On the other hand, science surely must be silent on matters where it doesn’t know, (and in the case of the existence of Capital G God will never know) and circumspect on issues where it doesn’t know yet.

Lastly, as the mutual fund warnings state, “Past performance is no indication of future returns”, we can’t use past [proven] discoveries to impute merit to a theory that remains untested and unproven. The good news is that science is not tied to dogma (or shouldn’t be!) and we may yet prove this theory. (or reject it in favor of a better one.)

In the meantime, we’re best to not overstate our case.

This may be true, but we shouldn’t count our chickens before they’re cloned.

I’d also caution you that many of these ‘explanations’----as far as science is concerned----play to a stalemate. I’d be cautious in using words like “all” as many of these questions are unanswerable, by science anyway.

Perhaps one day science will totally eviscerate religion. For now we live in anticipation. Frankly, that sounds enough like religion to be unnerving though.

Is this not simply a definition of bias? Than in itself is not necessarily bad; if the basis of the bias is sound. And I believe yours is.

Still, I think it is good to separate what we can prove by science, and the subjective beliefs that spring from it. In time, as science may very well turn many of those subjective beliefs—or theories----into objective fact.

For now, it is best that we not ascribe credit to science for things it has not yet figured out, or in some cases not even contemplated.

There has probably never been a more devastating rout of popular belief by clever reasoning than Darwin’s destruction of the argument from design. It was so unexpected.”
– Dawkins in The God Delusion

I find the “fine tuning” argument fatuous and anthropic. Douglas Adams’ puddle seems applicable there.

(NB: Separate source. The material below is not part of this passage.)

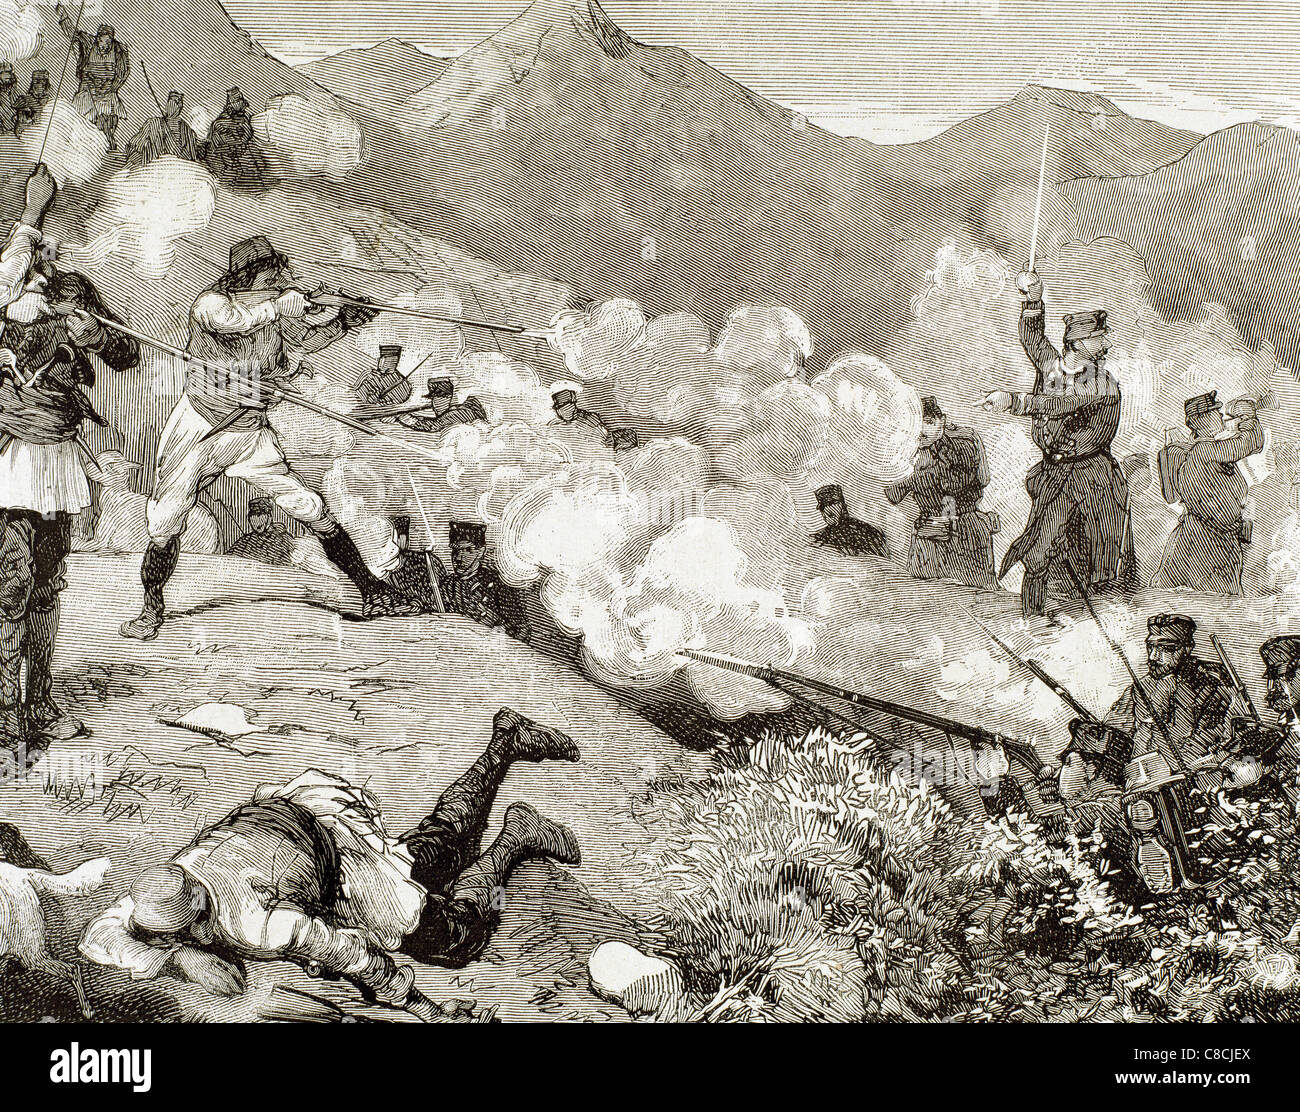 Dalmata-Herzegovina war. Fighting in the mountains of Zagoria, between the insurgents and austrian troops (1882). Engraving. Stock Photo

I trust you have no actual experience with science? While it is true that an idealized science has no brook with emotion, the real science, done by humans, has quite a bit. People hold on to discredited hypotheses due to emotion. When people review papers, they tend to give better grades to those papers saying their field is important. No, plenty of emotion. Why science works is that it accepts this, and has mechanisms for overcoming it.

Again, no. There are plenty of speculative papers. What science must do is not to claim knowledge greater than the evidence supports. That is a place where it is particularly more effective than religion.

I don’t think there is a claim that the lack of success of religion in explaining natural phenomena proves anything. It does make the sides unequal, though. As an example, we don’t know for sure psychic phenomena do not exist, after 70 years of testing, but the lack of positive results means that we don’t have to consider ESP as a primary or even reasonable explanation for anything.